This matters because it determines whether AI output can integrate into real CAD workflows or whether it stays a separate dead-end format. Better B-Rep means the AI-generated bracket can become the starting point for a real parametric model in Fusion 360, rather than a reference shape you stare at and then rebuild from scratch.
The progress is real, and I give credit to the teams working on it. It's the kind of thankless infrastructure improvement that makes everything else more useful.
The real impact areas: not what you'd expect#
If you asked most people what the biggest AI impact on CAD in 2026 has been, they'd probably say text-to-CAD. They'd be wrong.
The biggest impact has been AI-assisted search and documentation. Finding parts in large libraries. Generating initial drawing views from 3D models. Auto-populating BOM data. Suggesting similar designs. Extracting manufacturing parameters from existing models. These are boring tasks that consume enormous amounts of time in enterprise environments, and AI is genuinely good at them.
The second biggest impact has been AI-powered code and script generation for CAD automation. Using AI to write Fusion 360 Python scripts, OpenSCAD programs, SolidWorks macros, and CNC post-processors. This isn't text-to-CAD in the way most people think of it, but it's arguably more useful because it produces parametric, repeatable output that integrates with existing workflows. I covered some of this in the how AI is changing CAD context, and it's where I see the most practical value per hour spent.
The third biggest impact is AI assistants that reduce the time spent learning and navigating complex CAD interfaces. CAD software has thousands of commands. An AI that helps you find the right one, explains a workflow, or suggests an approach is a genuine productivity tool, even if it never generates a single face of geometry.
Geometry generation gets the demos. Search, documentation, and navigation get the results. That mismatch between attention and value is the defining characteristic of AI CAD in 2026.

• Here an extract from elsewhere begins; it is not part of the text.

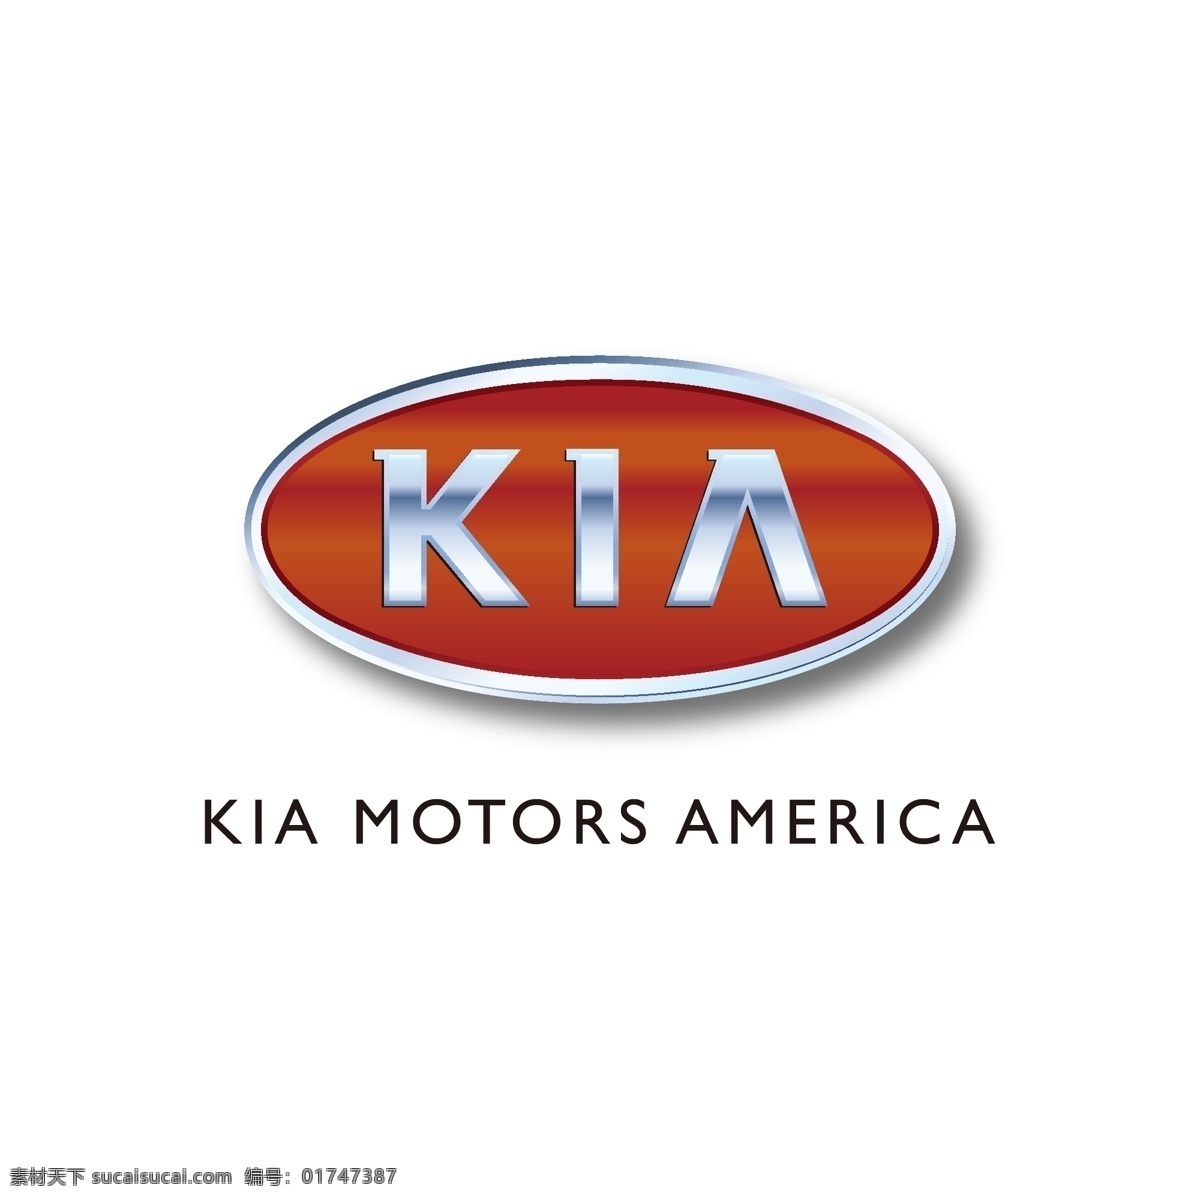 kia 起亚 logo 矢量 汽车 车 车标 图形 标准 电动车 行驶 驾驶 驾驶人 开车 代驾 logo集合 标志图标 企业 标志

What's still missing, and what to watch in 2027#
Parametric AI generation is the most-wanted feature and the furthest from shipping commercially. Until AI can produce models with proper feature trees and parametric relationships, the output is throwaway geometry that can't survive a revision cycle. Research is active. Products aren't ready.
DFM-aware generation, simulation-coupled generation, and multi-part assembly generation are all technically plausible and commercially absent. Each requires training data or reasoning capabilities that don't exist in shipping products. Future CAD AI predictions often include all three. The path to solving them is clear. The timeline is not.
For 2027, I'll be watching whether any tool ships usable parametric generation, even for a narrow class of parts. That's the single biggest unlock. I'll be watching whether vendor AI assistants improve enough to change daily workflows for experienced users, not just novices learning the interface. And I'll be watching whether anyone builds a large-scale manufacturing-aware training dataset, because the geometry data exists but the manufacturing context doesn't, at scale.
I'll update predictions.txt at the end of the year and do this again. My coffee will be cold. My expectations will be calibrated. And the gap between what was promised and what was delivered will tell the same story it always does: progress is real, but it's slower, messier, and less dramatic than the keynote slides suggest. That's fine. Useful technology doesn't need to be dramatic. It just needs to work.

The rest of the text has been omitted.